# Anfängerfehler von Meerforellen-Neulingen...



## redfischli (5. Mai 2007)

Hallo an alle Meerforellen-Spezialisten!

Ich bin seit kurzem on board, habe aber schon länger die Themen zu Meerforellen beobachtet. 

Von euch allen angesteckt, habe ich mich entschlossen es auch zu versuchen den ein oder anderen Fisch der 1000 Würfe zu überlisten.

Jetzt zu meiner Frage oder den Fragen:
Da ich absoluter Neuling auf dem Gebiet Meerforellenangeln bin, würde ich mich über einige Tipps von euch freuen.
Zum Thema Rute, Rolle und Schnur habe ich mir bereits übers board eine guten Überblick verschafft und entsprechend eingedeckt. Ich habe mich entschieden mit monofiler Schnur zu fischen, da ich nicht zu viele neue Dinge auf einmal ausprobieren will und keine Erfahrungen mit geflochtener habe. 

Jetzt zu euch: 
Was würdet ihr sagen sind typische Anfängerfehler beim Spinnangeln auf Meerforelle? Worauf muss ich unbedingt achten, was sollte ich unbedingt vermeiden? Habt ihr besondere Tipps zum Anhieb, Drill oder landen? Vielleicht könnt ihr auch sagen welche Abschnitte zum Watangeln geeignet sind, welche auf keinen Fall, und was sonst noch alles wichtig ist.

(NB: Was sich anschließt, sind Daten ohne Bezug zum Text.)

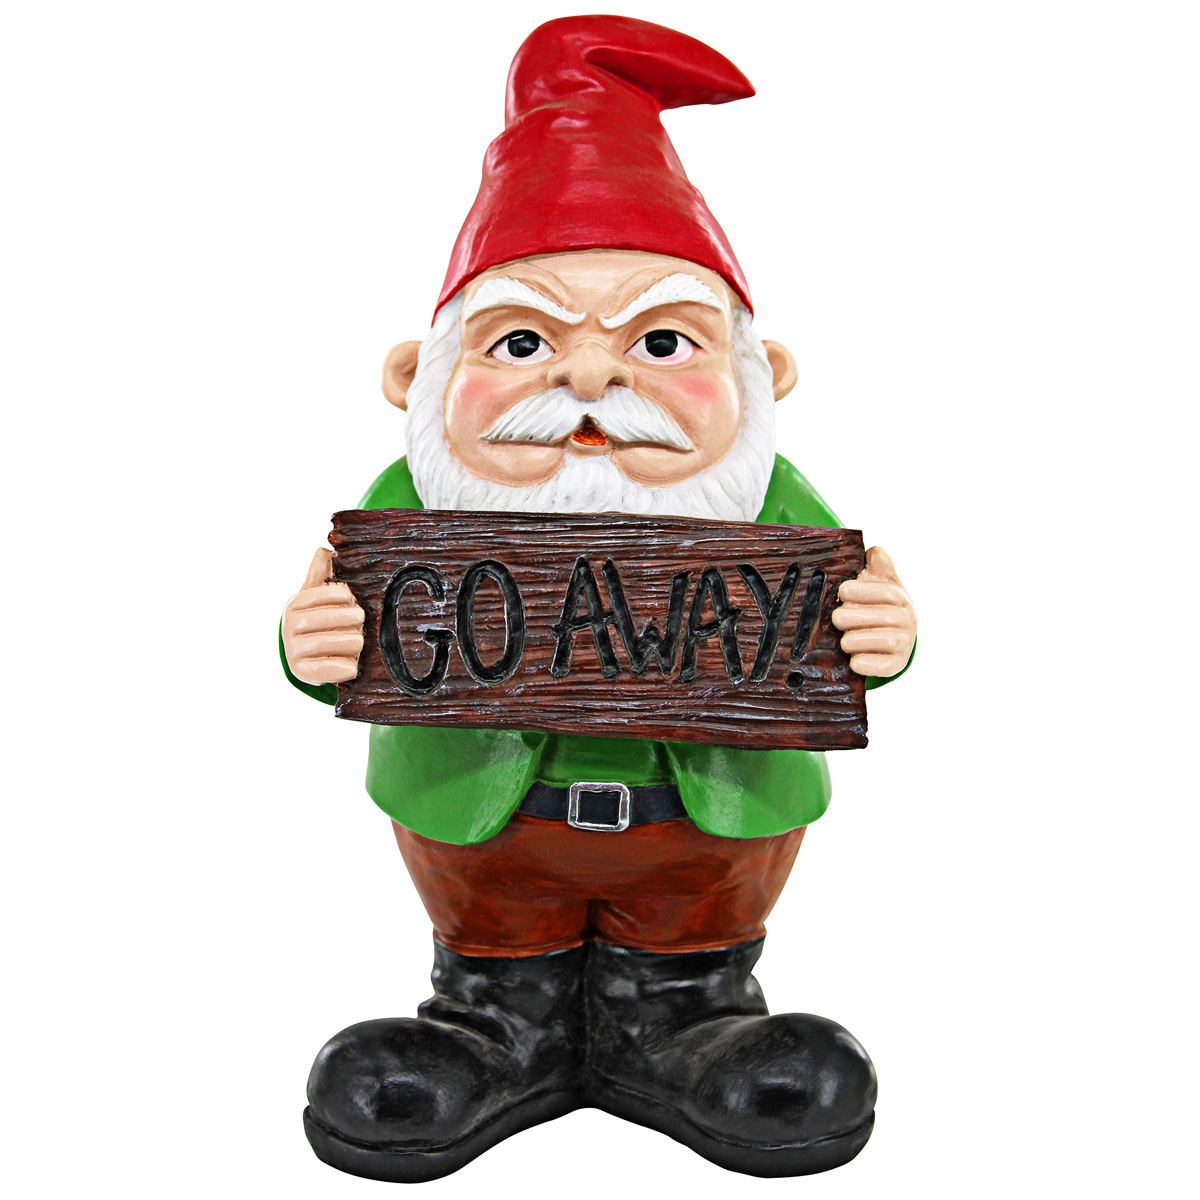 Picture 1 for Mr Bad Attitude "Go Away" Gnome Statue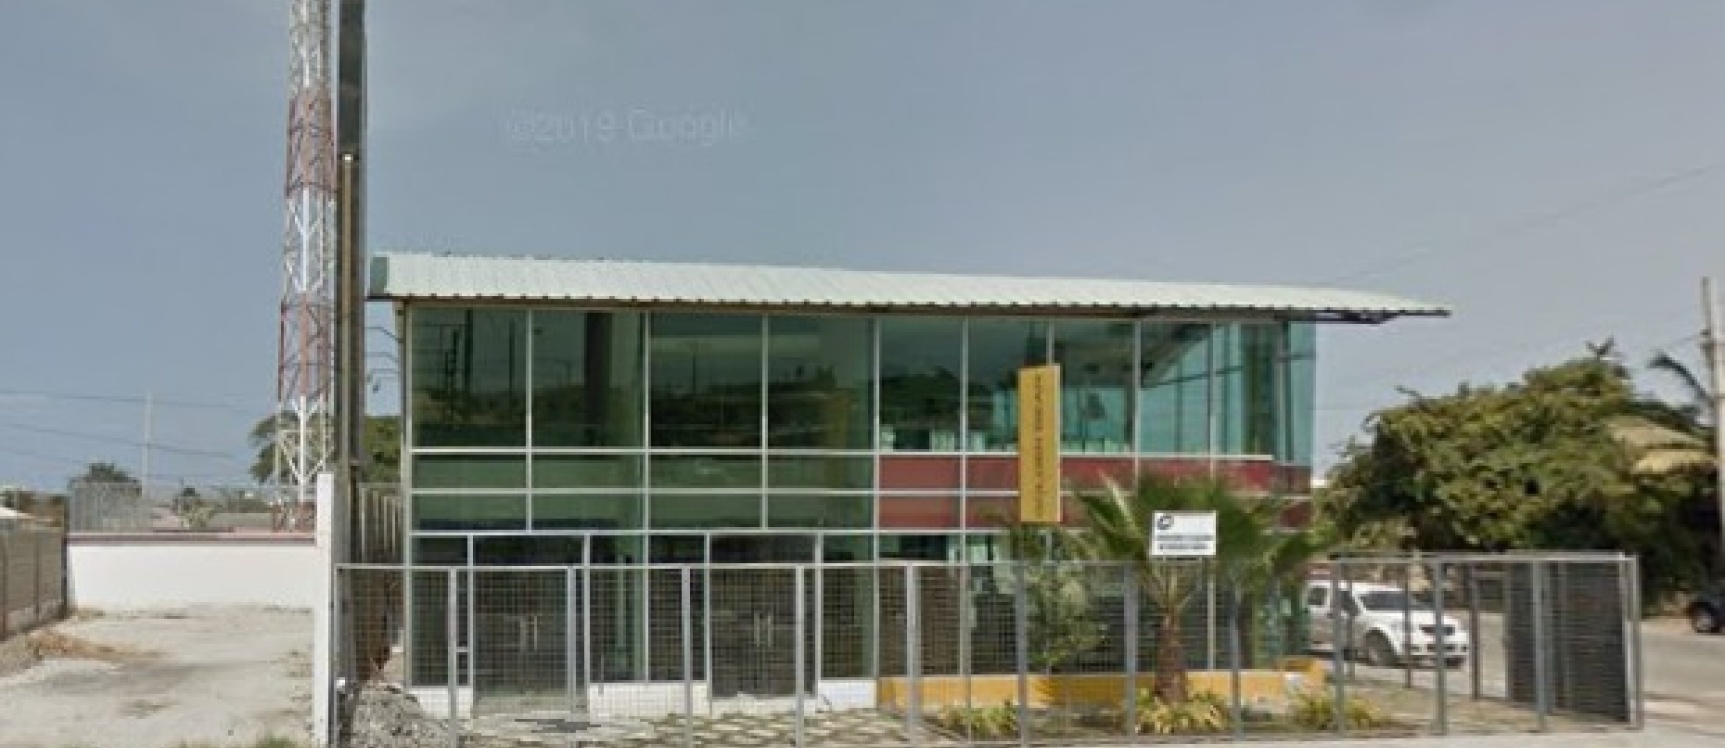 GeoBienes - Local Comercial en venta ubicado en Salinas - Plusvalia Guayaquil Casas de venta y alquiler Inmobiliaria Ecuador

Ich würde mich freuen wenn ihr mir den ein oder anderen Anfängerfehler ersparen könnt #6 

Eine letzte Frage noch zum Schluss:
ich fahre Ende Mai/Anfang Juni nach Dänemark auf die Insel Alsen in Urlaub. Lohnt es sich dann noch auf Meerforelle zu fischen oder ist es zu spät?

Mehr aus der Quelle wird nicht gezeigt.